Recorded information:
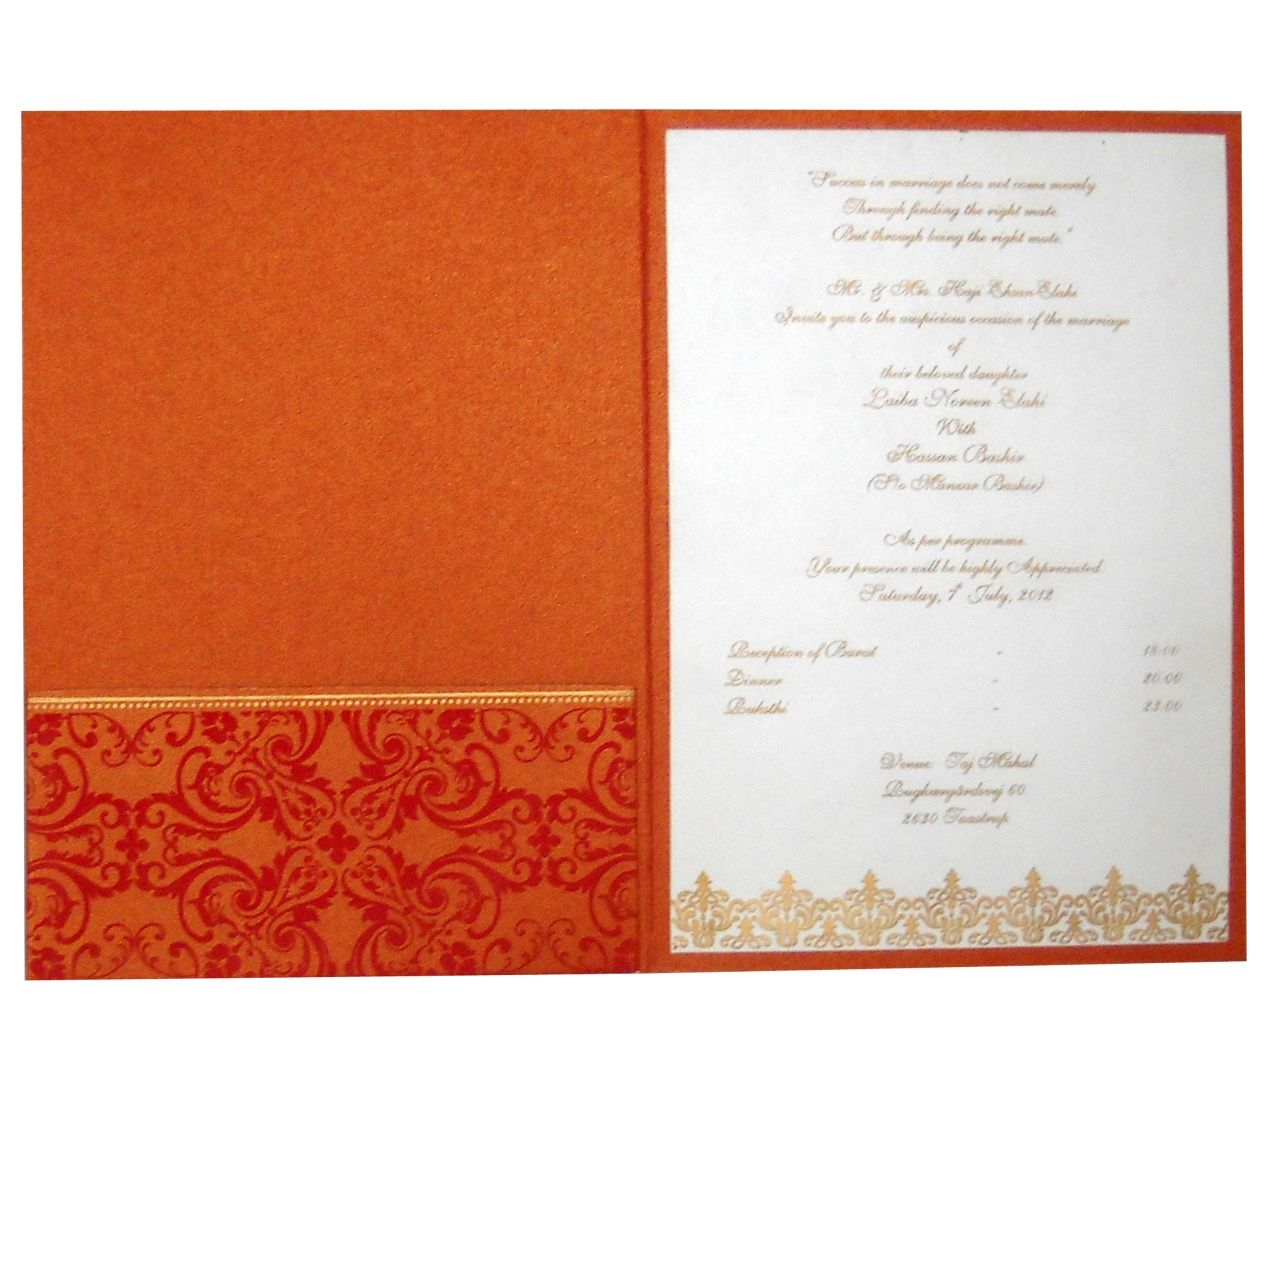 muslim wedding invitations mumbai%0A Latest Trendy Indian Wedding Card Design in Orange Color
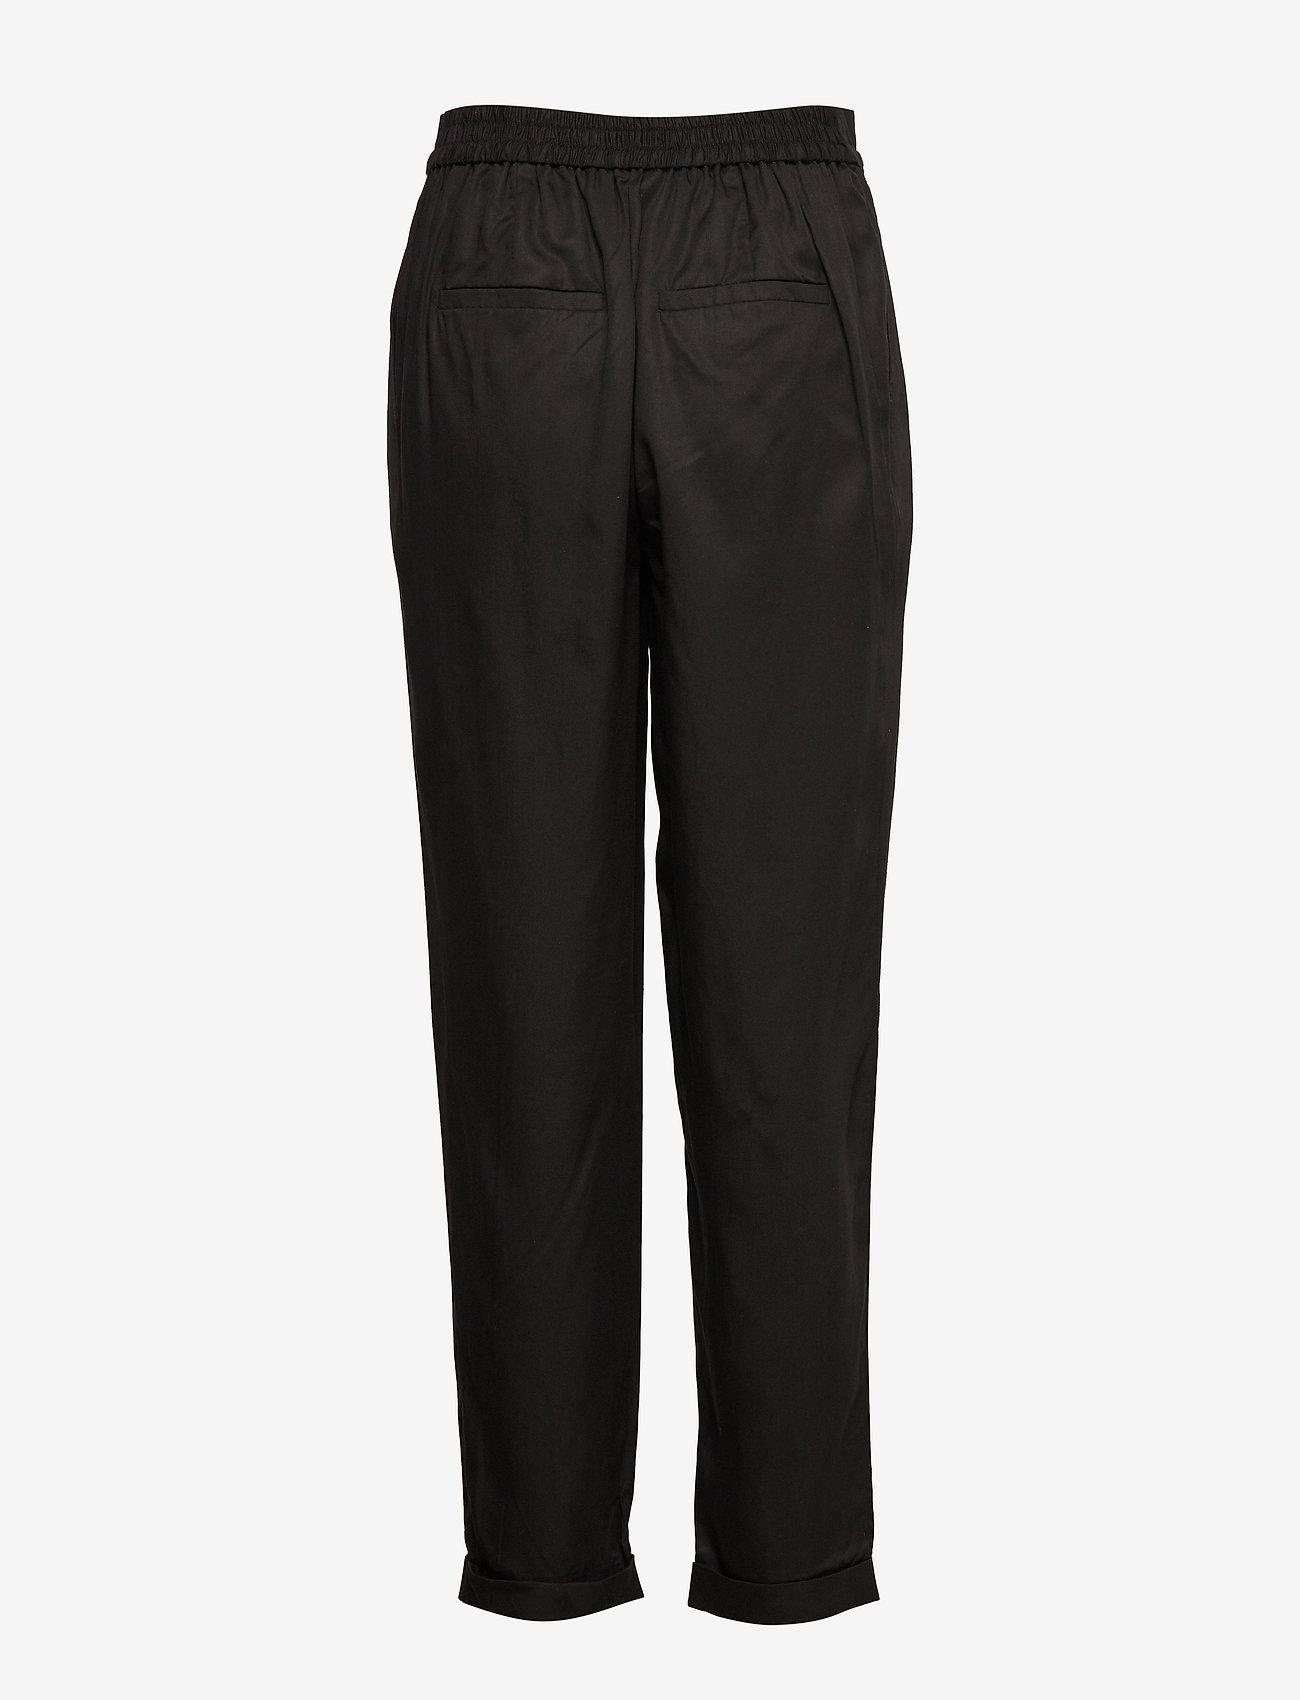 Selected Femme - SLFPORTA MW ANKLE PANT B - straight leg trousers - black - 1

...

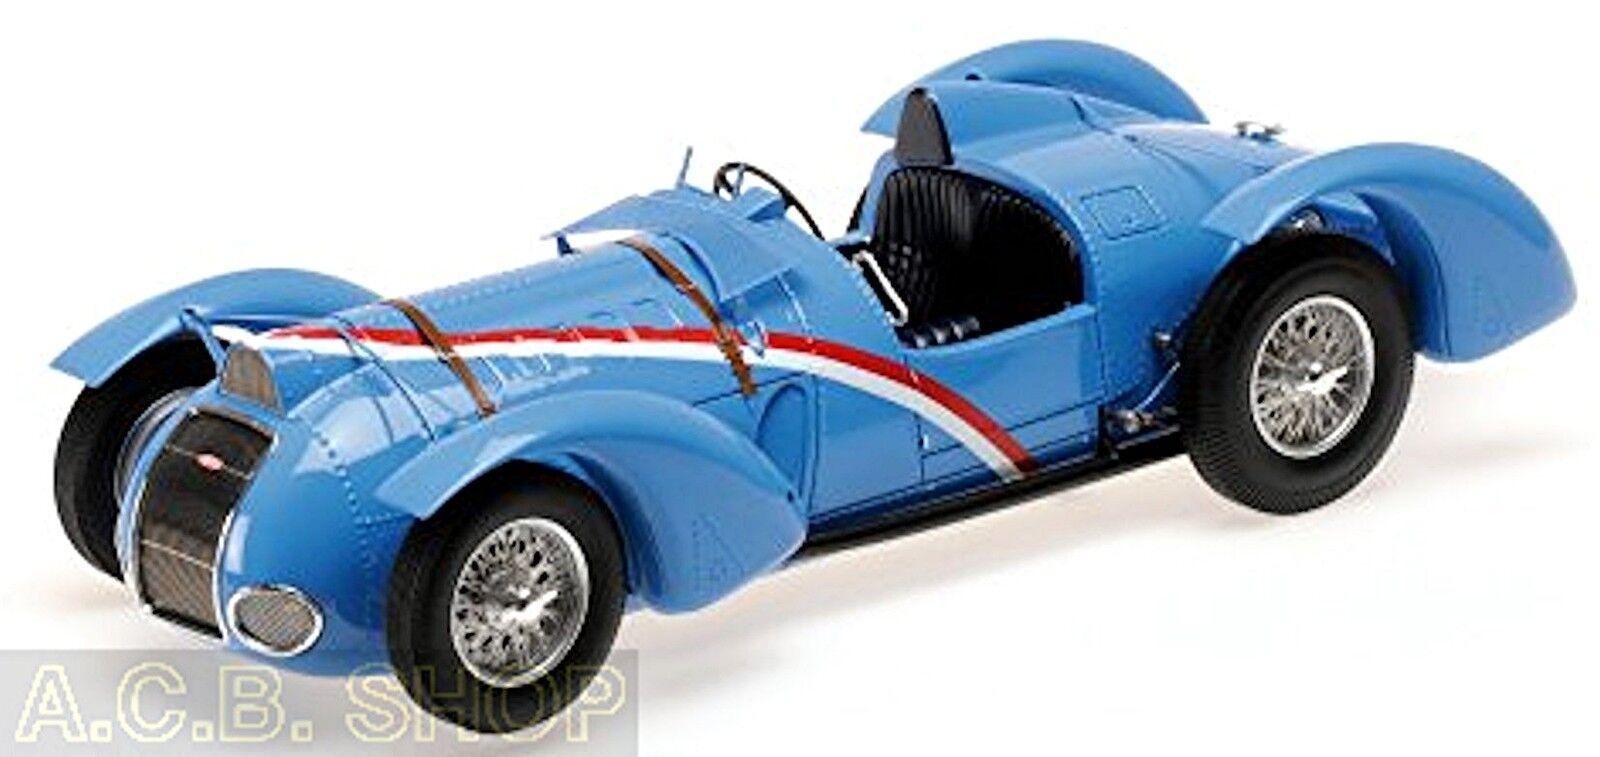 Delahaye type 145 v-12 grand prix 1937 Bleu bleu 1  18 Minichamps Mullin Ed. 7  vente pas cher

Work to complete:
Above are the records; copy from them only the lines starting at the one containing "muslim wedding invitations" and ending at the one containing "Selected Femme - SLFPORTA", exactly and without pictures.

Solution to this exercise:
 muslim wedding invitations mumbai%0A Latest Trendy Indian Wedding Card Design in Orange Color
 Selected Femme - SLFPORTA MW ANKLE PANT B - straight leg trousers - black - 1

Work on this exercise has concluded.